В исследованиях по когнитивной лингвистике принято различать языковую картину мира и концептуальную картину мира и общепринятым является положение о несовпадении этих картин, при этом подчёркивается глобальность, объёмность последней. Концептуальная картина мира как совокупность определённым образом организованных концептов значительно шире и богаче языковой картины мира, поскольку сведения о мире кодируются не только вербально, но и невербально. Концептуальная картина мира – феномен более сложный, чем языковая картина мира, которая вторична по отношению к концептуальной картине мира: национальный язык «живёт» в концептуальной сфере[6; с. 101].
Языковая картина мира выполняет две функции:
1)обозначает основные элементы концептуальной картины мира;
2)эксплицирует средствами языка концептуальную картину мира.
Как известно, пословицы являются одним из языковых способов экспликации определённых этических норм, «кодекса морально-нравственных правил, оценок бытия»[7; с. 15], которые в конечном итоге отражаются в языковой картине мира данного этноязыкового сообщества.
Во многих языках пословицы выражают мораль в виде категорического императива, например в английском языке:
Don’t swap horses in the middle of the stream ‘ Не меняй коней посредине речки’[8; с. 81].
Don’t put the cart before the horse. ‘Не ставь телегу перед лошадью’ [8;с. 79].
Исключением в этом плане, на наш взгляд, является язык урду. Рассматривая пословицы в словаре ‘Feroz-ul lughaat’ [9], можно заметить, что в большинстве случаев, формальное выражение пословиц представлено в сослагательном наклонении (в субъюнктиве). Например:
Aaee aam jaaeelebiidaa‘Хочешь сбить манго – пожертвуй палкой’
Bhore bhulaaee saanjh ghar aaoe o bhuule naakehlaaoe‘бук. Нельзя укорять человека за ошибку, совершённую им, но быстро исправленную ’[9]
Как известно, языковая модальность – одна из тех языковых универсалий, которая присутствует во всех языках мира. Анализ природы и функции модальности способствуют выявлению языкового мышления человека в целом. Наивная картина мира, создаваемая в рамках языка, которая сохраняется и обновляется в культуре и традиции, представляет собой не только систему образов и представлений, но и определённую структуру мира. Если лексика языка выражает образно-аксиологическую составляющую картины мира, то грамматика отвечает за структурные характеристики пространства текста, порождаемого языковой личностью.
В рамках динамично развивающейся когнитивной лингвистики языковая модальность приобретает особое значение. Модальность традиционно определяется как «выражение говорящим отношения к описываемой им ситуации»[10; с.303-304]. Существование определённой и обязательной позиции говорящего по отношению к высказыванию соответствует основному тезису когнитивной лингвистики об интерпретативном характере языкового мышления, когда человек не «отражает» в своих словах окружающую действительность, а представляет её сквозь призму своего восприятия под определённым углом.
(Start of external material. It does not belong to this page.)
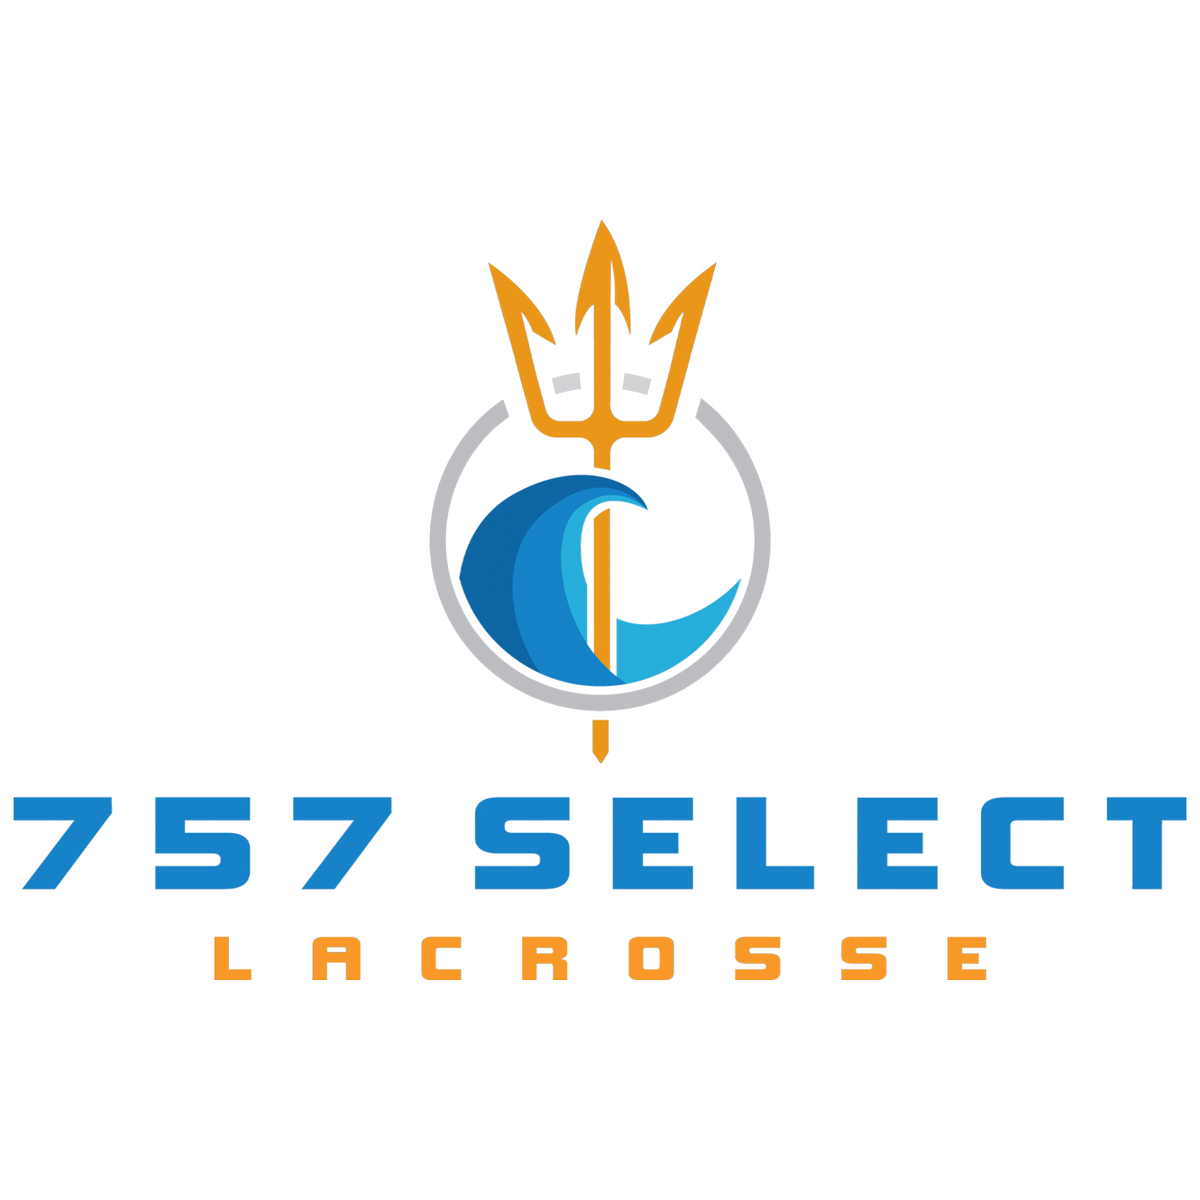 757 Lacrosse Team Store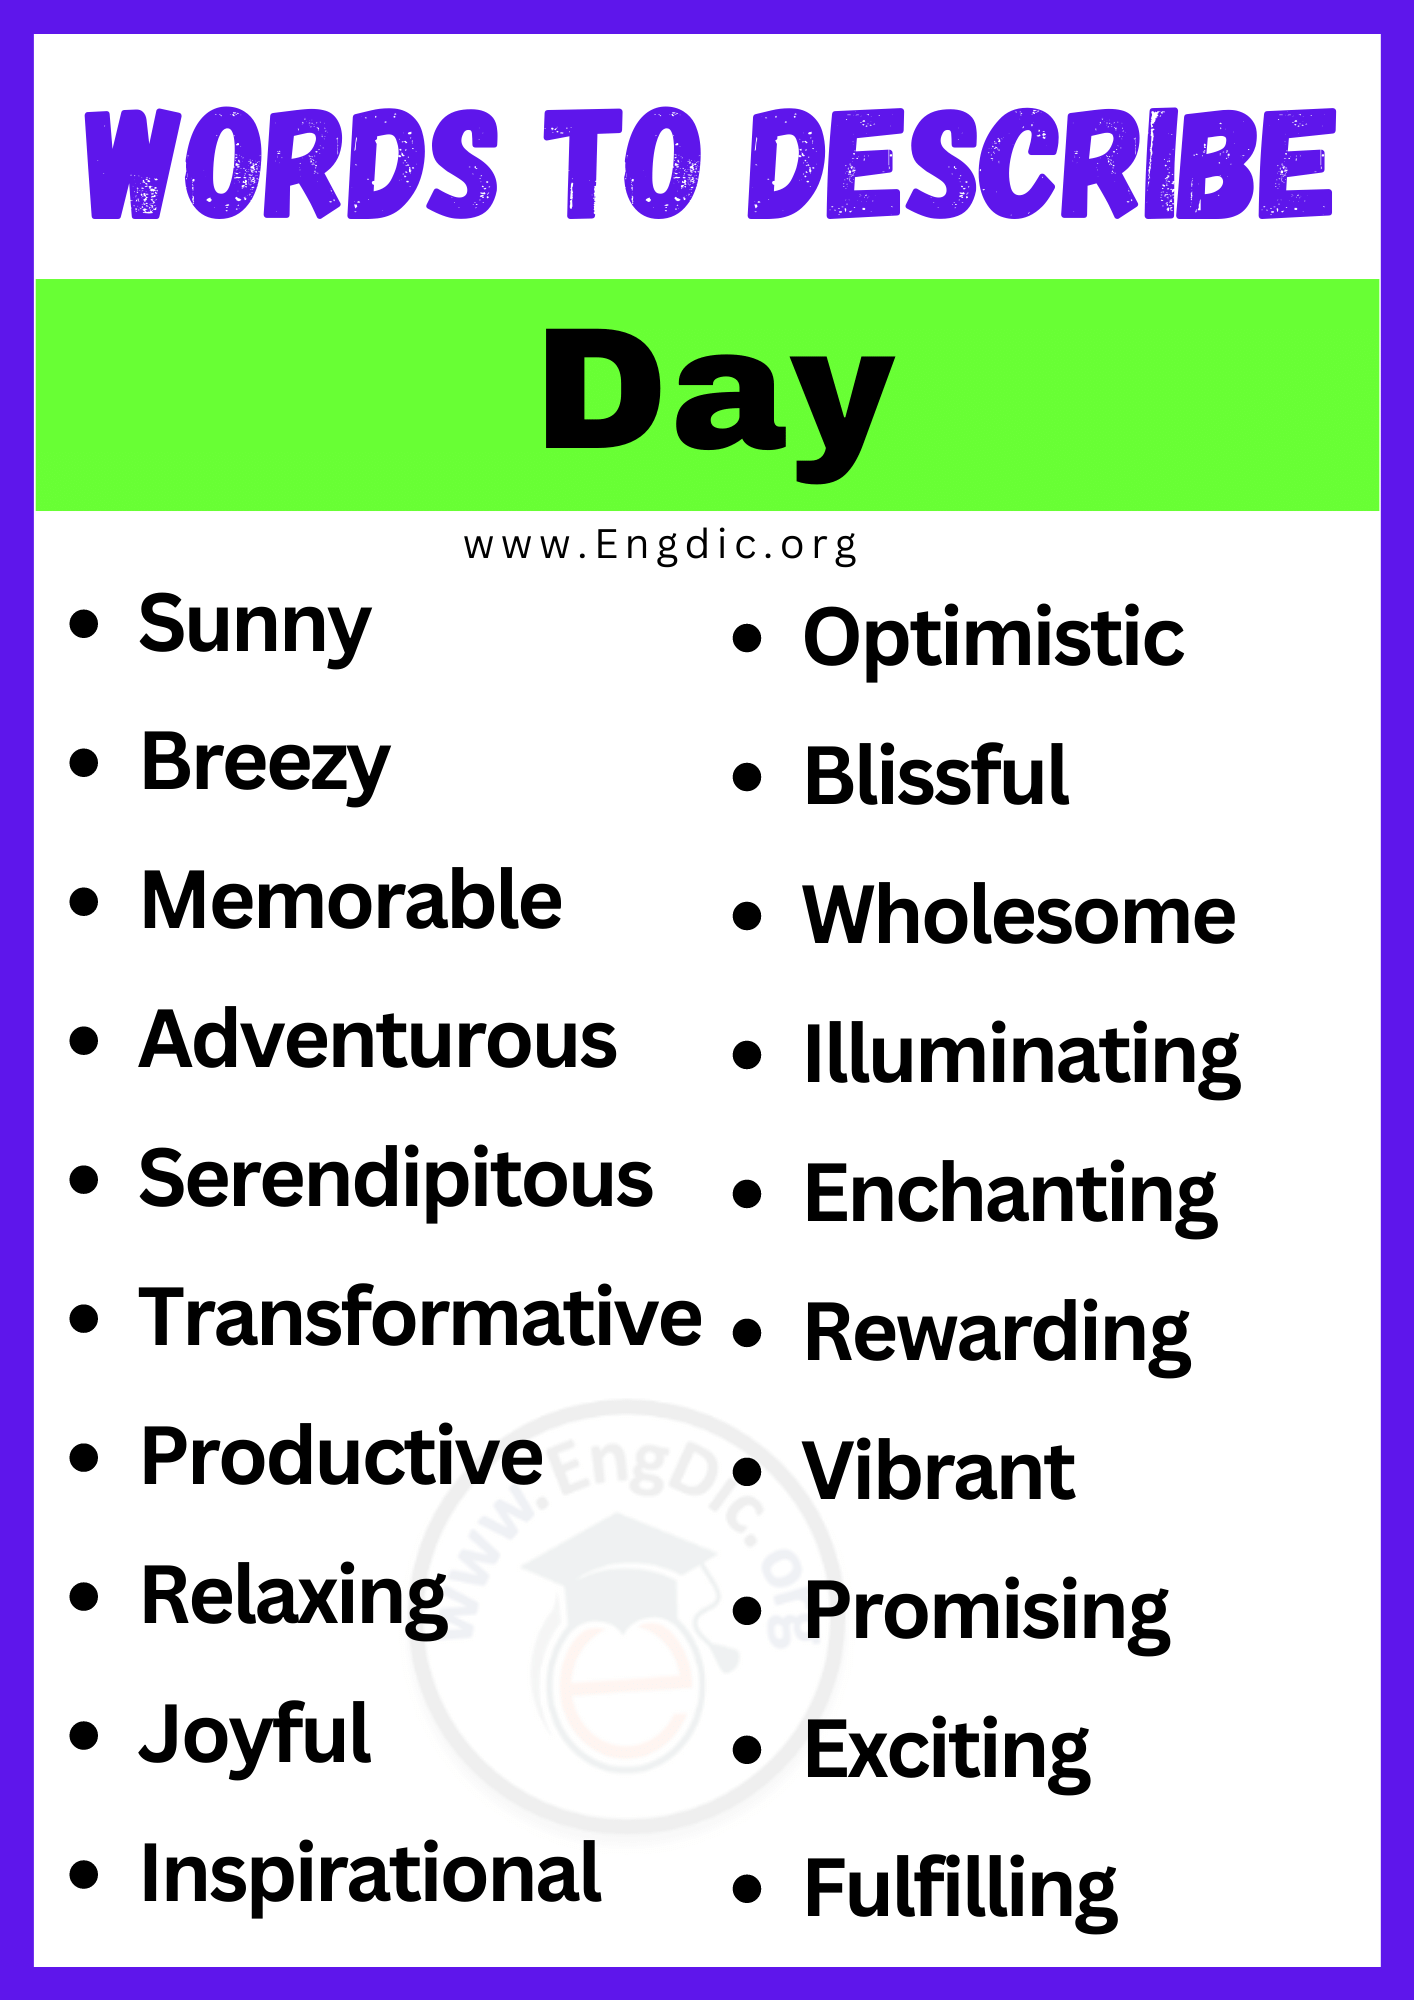 Words to Describe a Day

Интерпретативный характер языкового мышления предполагает существование лингвистических универсалий, производных от лингвокреативной деятельности. Среди подобных универсалий грамматическая категория модальности приобретает важнейшее значение в процессе речепорождения. Следовательно, языковая модальность является не дополнительным, вторичным признаком высказывания, а фундаментальной основой реализации речевой деятельности.
В аспекте когнитивной лингвистики модальность − это необходимость для говорящего «позиционировать» себя по отношению к языковому миру, который он создаёт. Любой речевой акт − это создание говорящим новой уникальной «языковой» реальности, не совпадающей ни с «объективной» реальностью, ни с множеством других языковых миров, т.е. с другими текстами.
Общая когнитивная стратегия языковой модальности – выражение отношения высказывания к действительности – включает в себя три основных аспекта осмысления внеязыковой действительности:
а) реально/нереально;
б) положительно/отрицательно;
в) утвердительно/вопросительно/побудительно.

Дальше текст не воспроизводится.